We document and assess the statewide efforts of early health information technology (HIT) adopters in Kentucky to facilitate the nation's first electronic transmission of a clinical document architecture (CDA) from a physician office to a state cancer surveillance registry in November 2012. Successful transmission of the CDA not only represented a landmark for technology innovators, informaticists, and clinicians, but it also set in motion a new communication mechanism by which state and federal agencies can capture and trade vital cancer statistics in a way that is safe, secure, and timely. The corresponding impact this has on cancer surveillance and comparative effective research is immense. With guidance from the Centers for Disease Control and Prevention (CDC), the Kentucky Cancer Registry (KCR), the Kentucky Health Information Exchange (KHIE), and the Kentucky Regional Extension Center (KREC) have moved one step further in transforming the interoperable health environment for improved disease surveillance.

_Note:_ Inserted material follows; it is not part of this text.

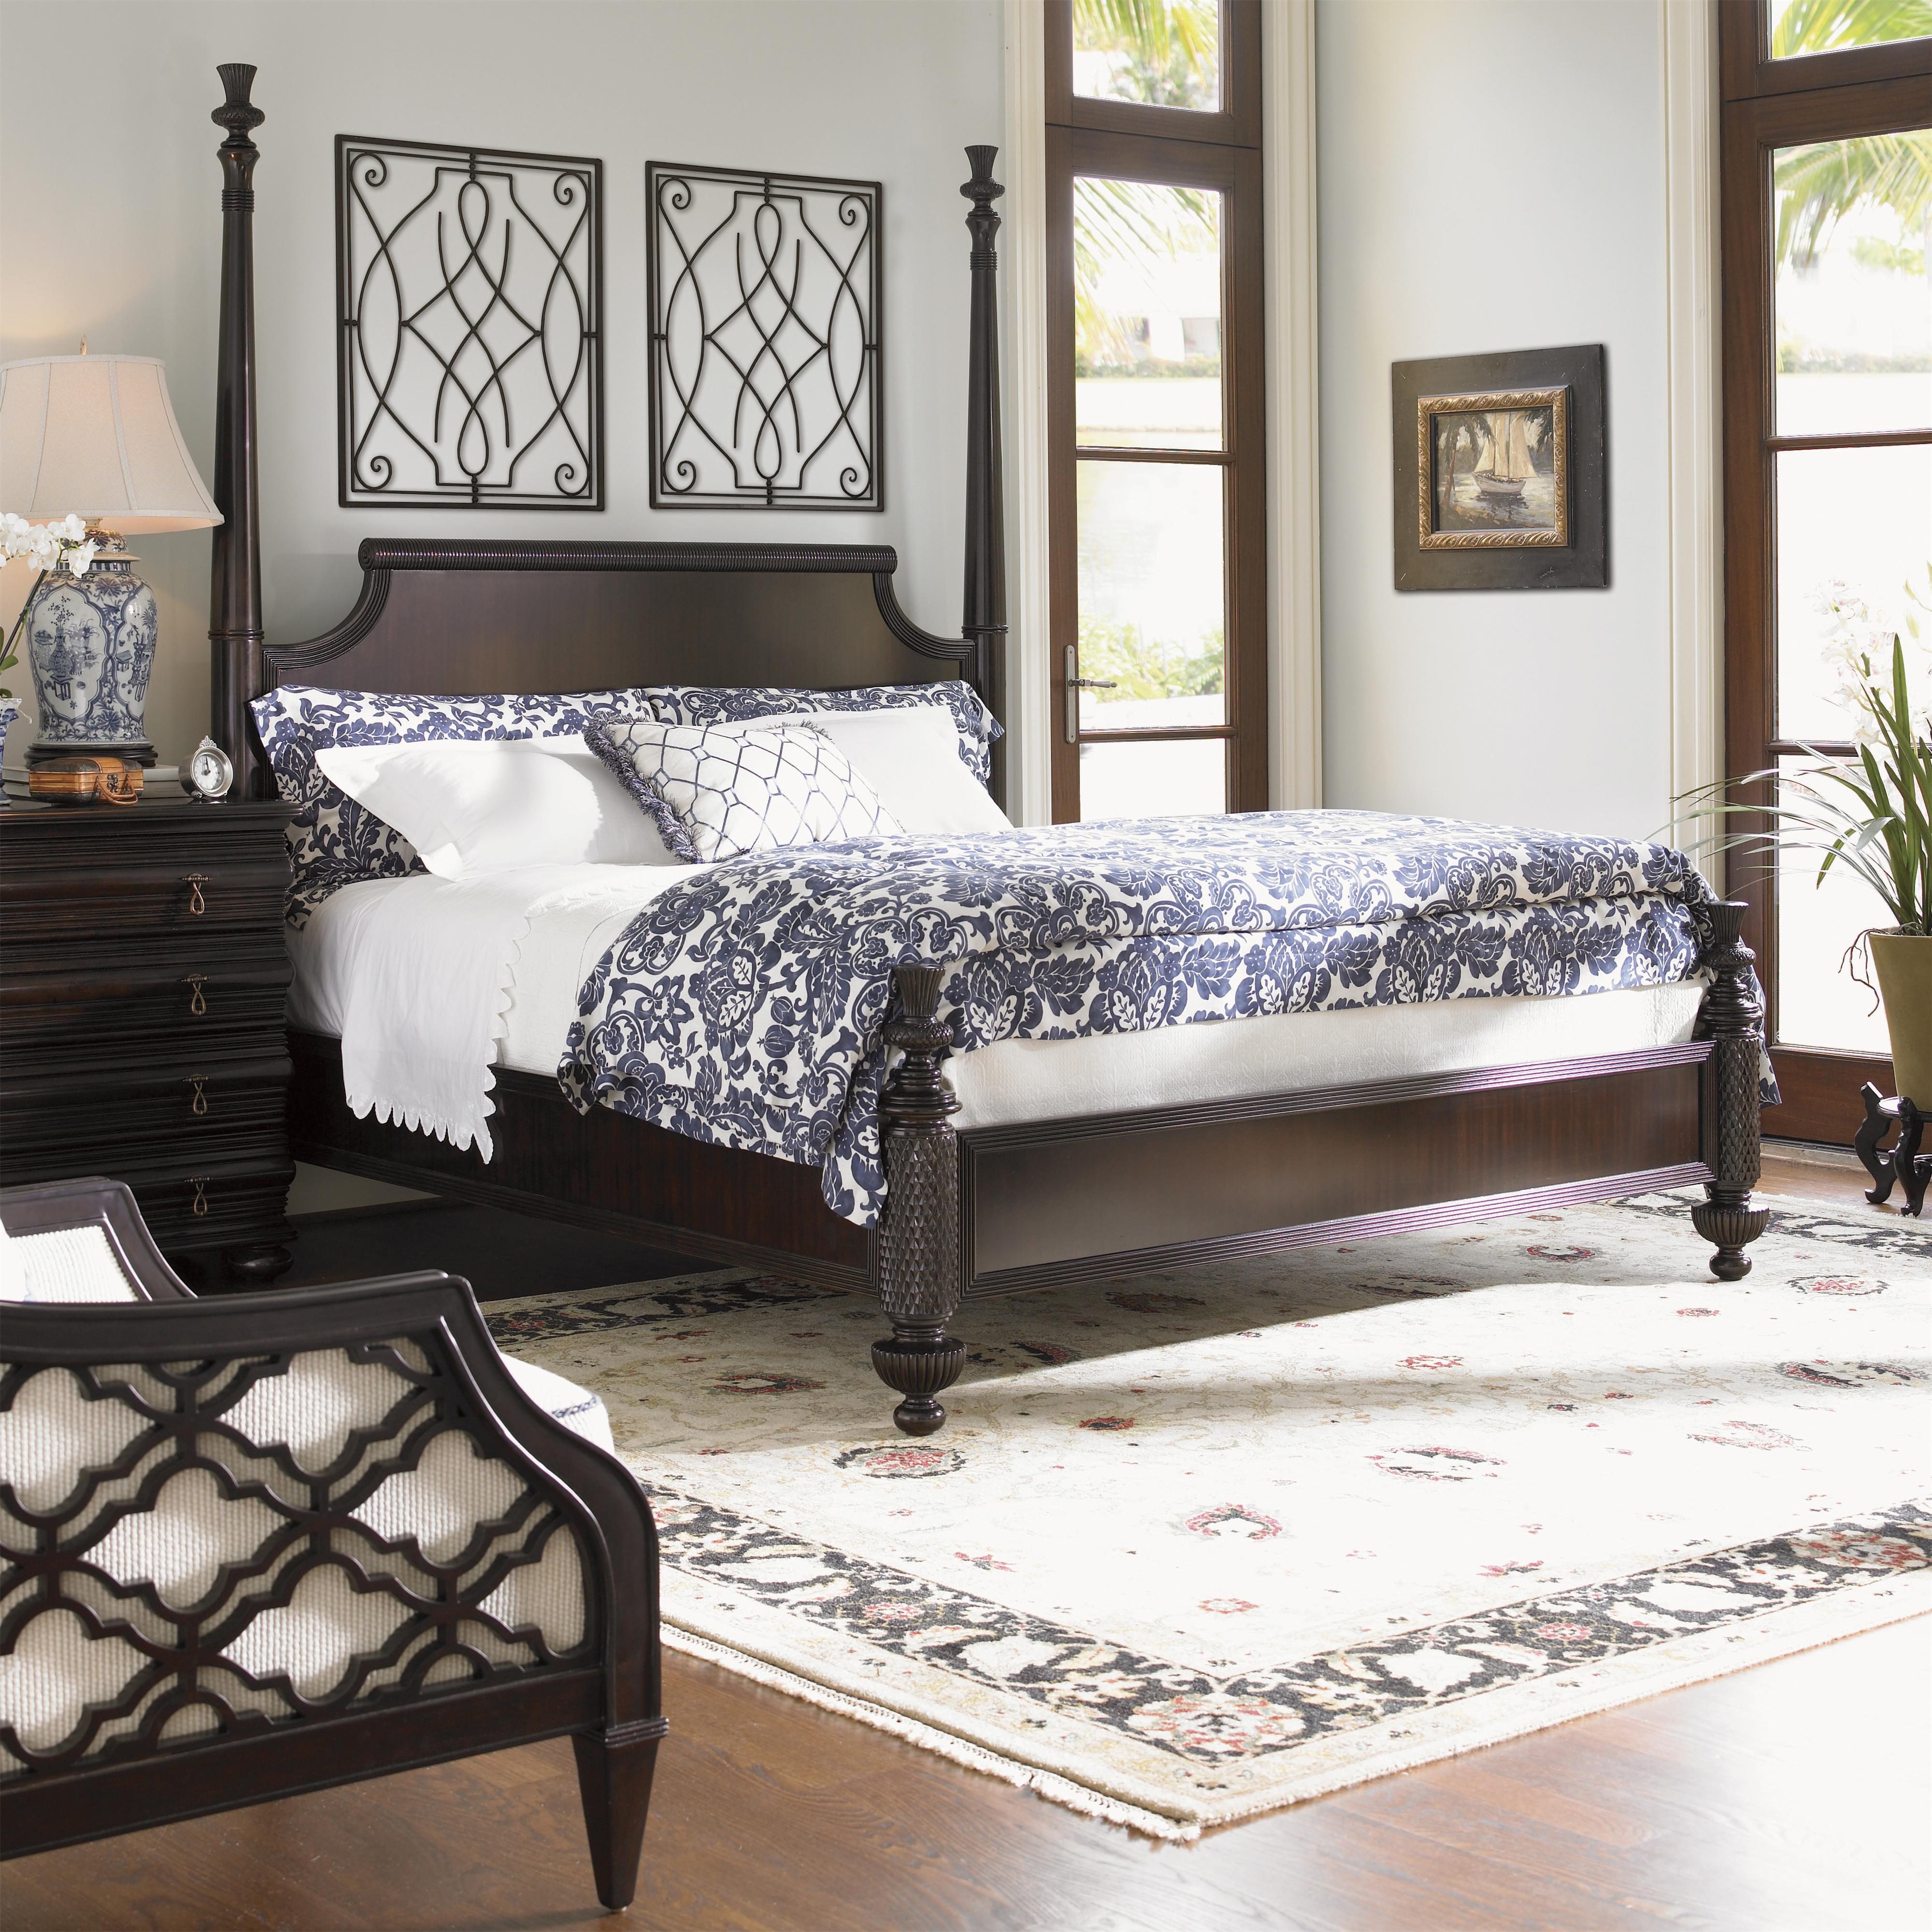 Tommy Bahama Home Royal Kahala King Bedroom Group Reeds Furniture Bedroom Groups

This case study describes the efforts of established and reputable agencies, including the KCR, the state department of health, state and federal governmental agencies, and a major research university in leveraging existing networks, infrastructure, and federally awarded funding to implement interoperable health information systems for disease surveillance. Project assessment through quasi-qualitative interviews with key stakeholders facilitated evaluation of attitudes and beliefs for continued use of the cancer surveillance model.
In Kentucky, the cancer reporting initiative leveraged and enhanced a solid foundation for statewide collaboration to achieve better health and improved disease surveillance through a learning health system. Leveraging the Meaningful Use (MU) program as an overarching policy and structural driver is imperative. The cancer reporting initiative in Kentucky suggests that future surveillance and reporting initiatives will require locally adaptable solutions and that there is a need for increased technical assistance in rural settings. Kentucky's experience also indicates that stakeholders should be diligent in identifying state-level criteria that align with MU for vetting EHR vendors.
本案例研究描述了一个州公共卫生部门、一所主要研究型大学和一个健康推广服务机构之间的合作。该健康推广服务机构作为《经济和临床健康的健康信息技术(HITECH)法案》的一部分获得资助,旨在通过电子报告肯塔基州众多肿瘤医疗实践中的系统治疗数据,建立一个用于疾病监测的可互操作健康信息系统。肯塔基州癌症监测系统的经验可以帮助地方和州实体在设计沟通措施以提高电子健康记录(EHR)和健康信息交换(HIE)的使用方面取得更大成效,帮助符合条件的临床医生在患者护理中达到这些新标准,并在学习型健康系统中进行疾病监测。
我们记录并评估了肯塔基州早期健康信息技术(HIT)采用者在全州范围内所做的努力,这些努力促成了2012年11月美国首次将临床文档架构(CDA)从医生办公室电子传输至州癌症监测登记处。CDA的成功传输不仅对技术创新者、信息学家和临床医生来说是一个里程碑,还启动了一种新的沟通机制,通过这种机制,州和联邦机构能够以安全、可靠且及时的方式获取和交换重要的癌症统计数据。这对癌症监测和比较效果研究产生的相应影响是巨大的。在疾病控制与预防中心(CDC)的指导下,肯塔基州癌症登记处(KCR)、肯塔基州健康信息交换中心(KHIE)和肯塔基州区域推广中心(KREC)在转变可互操作健康环境以改善疾病监测方面又迈进了一步。
本案例研究描述了包括KCR、州卫生部、州和联邦政府机构以及一所主要研究型大学在内的知名机构在利用现有网络、基础设施和联邦授予的资金来实施用于疾病监测的可互操作健康信息系统方面所做的努力。通过对关键利益相关者进行准定性访谈进行项目评估,有助于评估对继续使用癌症监测模型的态度和信念。
在肯塔基州,癌症报告倡议利用并加强了全州合作的坚实基础,以通过学习型健康系统实现更好的健康状况和改进疾病监测。将有意义使用(MU)计划作为总体政策和结构驱动因素至关重要。肯塔基州的癌症报告倡议表明,未来的监测和报告倡议将需要因地制宜的解决方案,并且农村地区需要更多的技术援助。肯塔基州的经验还表明,利益相关者应勤勉地确定与MU一致的州级标准,以审核EHR供应商。